I should stop kidding myself with the idea that I have to read a book before watching its movie adaptation. I was on a bit of a Neil Gaiman kick around the time that Stardust was released in 2007 so I had convinced myself that I was going to rush to read the novel as quickly as possible so I could experience the film fully informed. Almost a decade later I finally watched it thanks to a Netflix recommendation algorithm & hadn’t even yet even touched a copy of Gaiman’s book. There was a little fatigue on my end that came with reading a ton of Gaiman works in a row due to a perceived sameness in his narrative structures. More specifically, every Neil Gaiman novel read to me like a down-the-rabbit-hole adventure where a citizen of our realm gets swept up in the complications of a magical one. Although I tired of watching this formula play itself out repeatedly in his novels, it’s one that lends itself very well to cinematic adaptation & when I finally got around to giving Stardust a chance I ended up holding it just as high regard as previous Gaiman projects Coraline & MirrorMask, two movies I love very much.
The first thing most people will likely mention about Stardust is that it is the movie where Robert De Niro plays a crossdressing pirate on a flying ship. This detail is totally significant, as it might be the one role De Niro’s landed in the past 15 years that isn’t a total waste of time & talent (outside maybe his David O. Russell collaborations), but his fey pirate captain is just one of many players in a wide cast of winning eccentrics. Stardust is the kind of movie where every character is likable whether they’re literal star-crossed lovers or murderous goons with coal-black hearts. Boardwalk Empire/Daredevil‘s Charlie Cox stars as our bumbling, babyfaced hero who falls down the requisite rabbit hole to get the story kicked off. In order to retrieve a falling start to prove his love & devotion to a spoiled brat who couldn’t care less about him, our protagonist crosses the wall that serves as a thin barrier between our realm & its magical counterpart. He’s shocked to discover that his fallen star is, in fact, a beautiful woman (played by Claire DaaaaAAaaaanes) & on the journey to bring her back home to his coldblooded beloved, he runs into a long line of magical obstacles that include a coven of bloodthirsty witches (with Michelle Pfeiffer among them), a group of brothers determined to murder each other to claim royalty & their resulting ghosts, a unicorn, a humanoid goat and, yes, a crossdressing pirate & his loyal crew of cutthroats. Stardust shamelessly panders to the Ren Fair crowd & knows exactly how campy it gets in the process. The film’s mix of ribald humor, playful gender-bending, and lighthearted glee for witchcraft & murder all amount to a wonderfully silly adventure epic & mythical romance. Honestly, the only thing holding it back from being a (remarkably goofy) masterpiece is its horrifically shitty CGI, which looks exceptionally poor even for the mid-2000s.

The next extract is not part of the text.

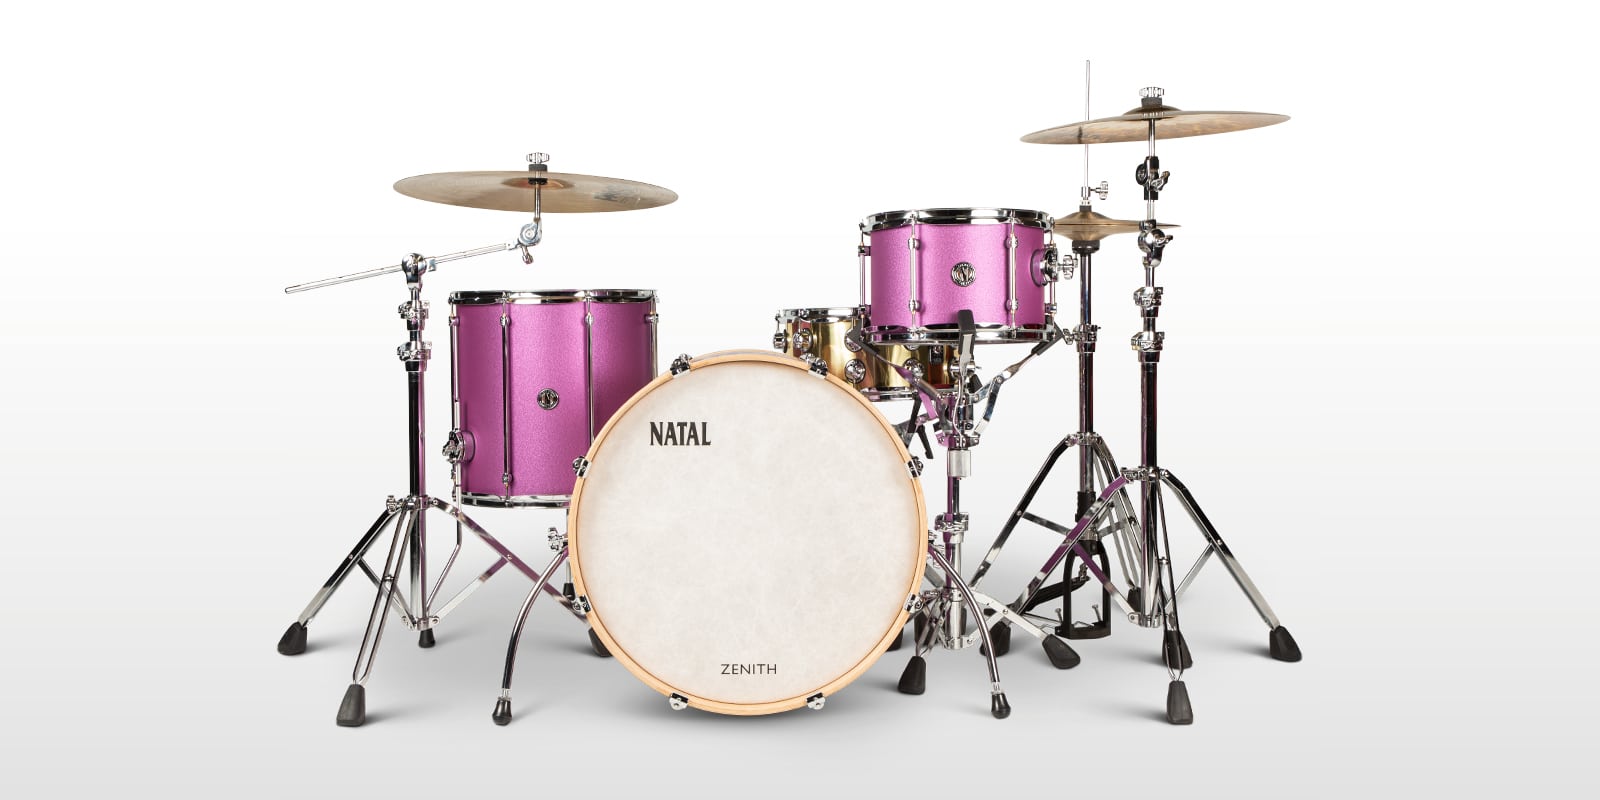 מערכת תופים Marshall Natal Zenith Pink Frost kit 22

I don’t know if it was the film’s unicorn connection with Legend (sans the wonderful Tangerine Dream soundtrack, unfortunately) or a magical Michelle Pfeiffer recalling her past roles in titles like Ladyhawk & The Witches of Eastwick, but my favorite aspect of Stardust was the way it felt like a throwback to decades-old fantasy classics. It feels like the era of titles like The Princess Bride, The NeverEnding Story, and The Labyrinth is long gone & it’s difficult recall the last time a fantasy epic was this winning. (Sorry, Harry Potter fans; I just can’t get into it.) The best example I can think of from recent memory was Upside Down & most people hated that one (possibly because they thought of it as shitty sci-fi instead of great fantasy cheese.). Are Gaiman & Gilliam the last two significant personalities still bringing this sensibility to the big screen on a somewhat regular basis? (Obviously, Game of Thrones is doing well enough on the televised end of things.) I’m at the point now where any cinematic adaptation of a Gaiman work is more than welcome in my life whether or not I’m committed to actually reading the source material first . . . or ever. The world is thirsty for this kind of romantic fantasy content.